It has not been used in patients with liver cancer previously, to our knowledge, but there have been many studies of its use in patients with hepatitis and cirrhosis. Some of these studies have shown that milk thistle may help reduce elevated liver function tests.
Siliphos is a derivative of milk thistle that can be absorbed better than some other types of milk thistle. The investigators would like to perform a study to identify doses of siliphos that are safe to take in advanced liver cancer and to identify positive or negative side effects this compound may have. The investigators will be using this information in future studies to see if siliphos can be used as a therapy in patients with advanced liver cancer to reduce elevated liver function tests.
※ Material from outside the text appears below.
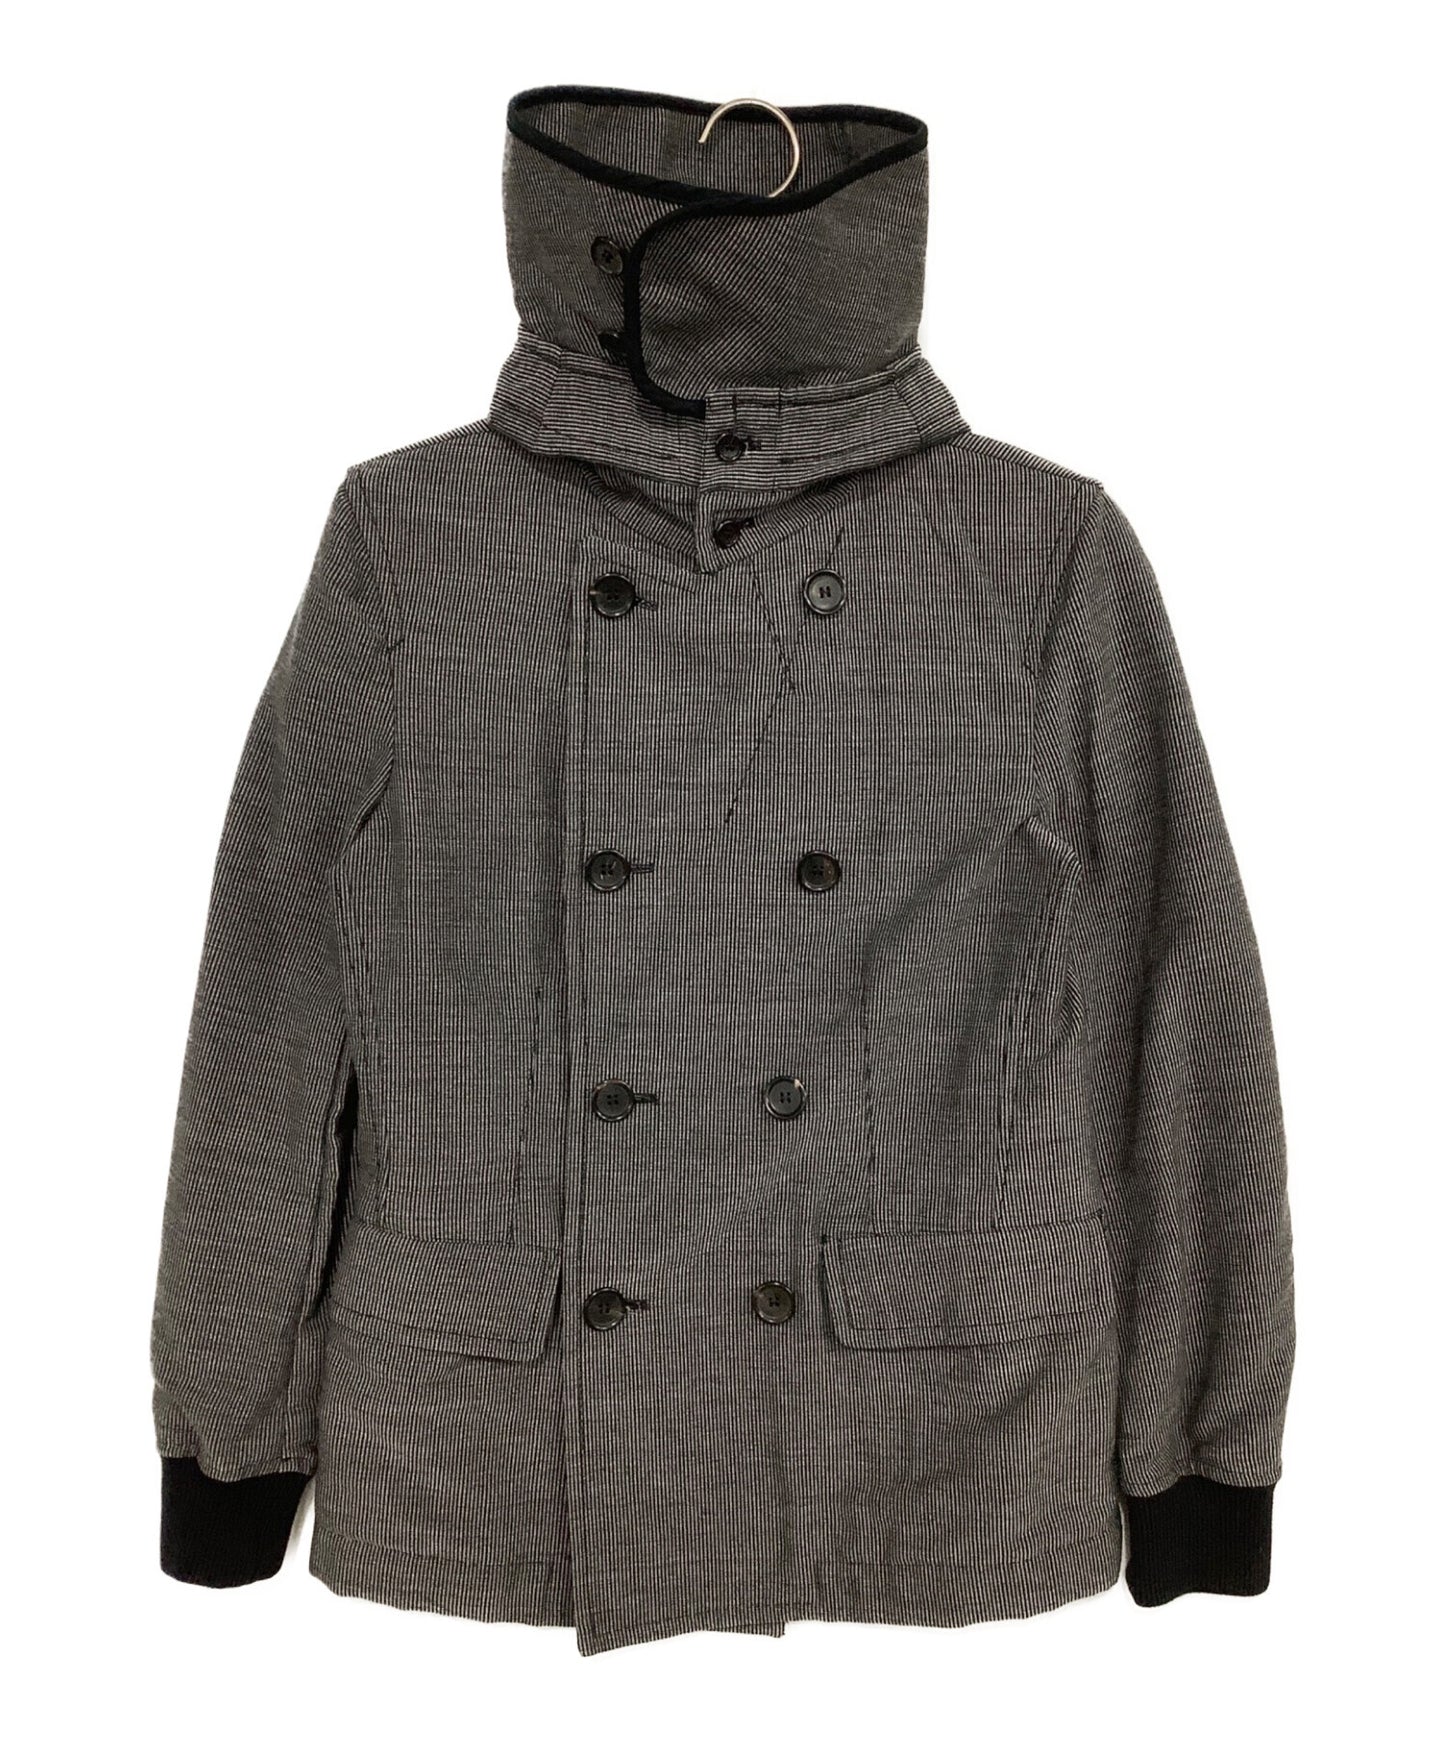 Comme des Garcons เสื้อแจ็คเก็ตคอสูง W20102

Milk thistle (MT) has been historically used to treat patients with liver diseases, and has been shown to have antioxidant, anti inflammatory, and hepatoprotective properties. It may also have direct anticancer effects through inhibition of growth factors and promotion of cell cycle arrest. MT has been shown to improve LFTs in several studies of patients with cirrhosis. To our knowledge, there have been no published trials evaluating the clinical efficacy of MT in advanced HCC. We therefore propose a phase I study to identify the maximum tolerated dose (MTD) of silybinphosphatidylcholine (a commercially available preparation with increased bioavailability), in patients with advanced HCC. We will use a traditional dose escalation, open label design with a study intervention period of 3 months, followed by one year of observation, with a maximum total of 30 subjects, evaluating a dose range between 1 to 12 gm Siliphos. The data obtained from this study will be utilized in the future to evaluate MT efficacy in reducing liver function tests in advanced HCC, which will have significant implications in its use as a potential adjunctive agent in patients with currently limited treatment options.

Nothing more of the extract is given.